Dopant Precursor Adsorption into Single-Dimer Windows: Towards Guided Self-Assembly of Dopant Arrays on Si(100)

TL;DR

This paper explores a guided self-assembly method using molecular precursor adsorption into single-dimer windows on Si(100) to create precise dopant arrays for quantum computing, leveraging DFT calculations.

Contribution

It introduces a novel self-assembly process for dopant array fabrication on Si(100) using molecular precursors and DFT analysis of adsorption behaviors.

Findings

PH₃ adsorbs barrierlessly on all studied resists.

BCl₃ has the highest adsorption barrier of 0.34 eV.
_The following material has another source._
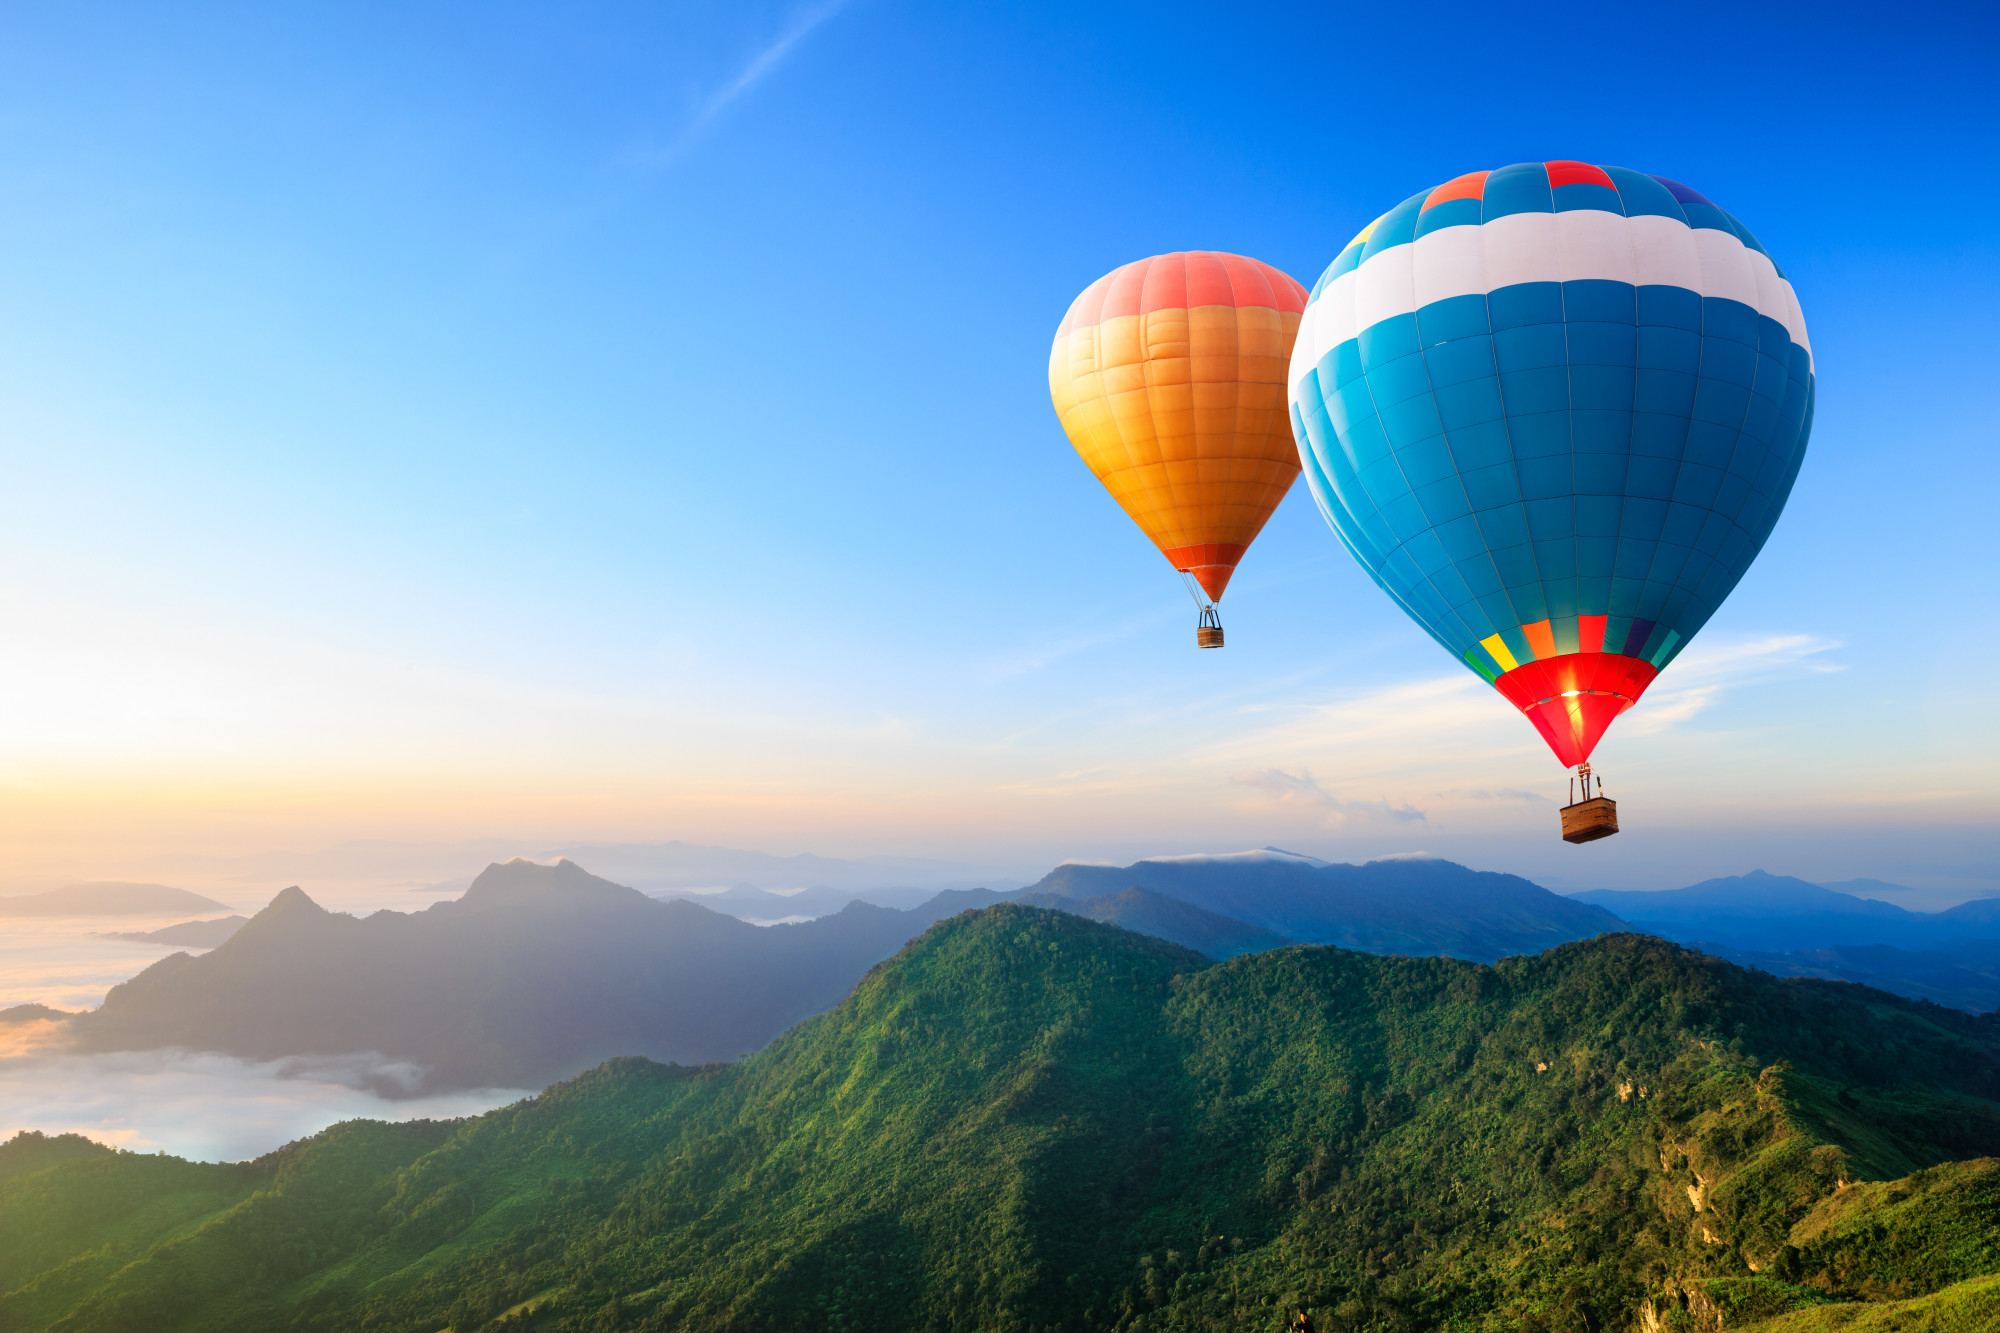 Fly High: 9 Tips for First-Time Hot Air Balloon Riders

AlCl₃ dense arrays are feasible under experimental conditions.

Abstract

Atomically precise dopant arrays in Si are being pursued for solid-state quantum computing applications. We propose a guided self-assembly process to produce atomically precise arrays of single dopant atoms in lieu of lithographic patterning. We leverage the self-assembled c(4x2) structure formed on Br- and I-Si(100) and investigate molecular precursor adsorption into the generated array of single-dimer window (SDW) adsorption sites with density functional theory (DFT). The adsorption of several technologically relevant dopant precursors (PH$_3$, BCl$_3$, AlCl$_3$, GaCl$_3$) into SDWs formed with various resists (H, Cl, Br, I) are explored to identify the effects of steric interactions. PH$_3$ adsorbed without barrier on all resists studied, while BCl$_3$ exhibited the largest adsorption barrier, 0.34 eV, with an I resist. Dense arrays of AlCl$_3$ were found to form within experimentally realizable conditions demonstrating the potential for the proposed use of guided self-assembly for atomically precise fabrication of dopant-based devices.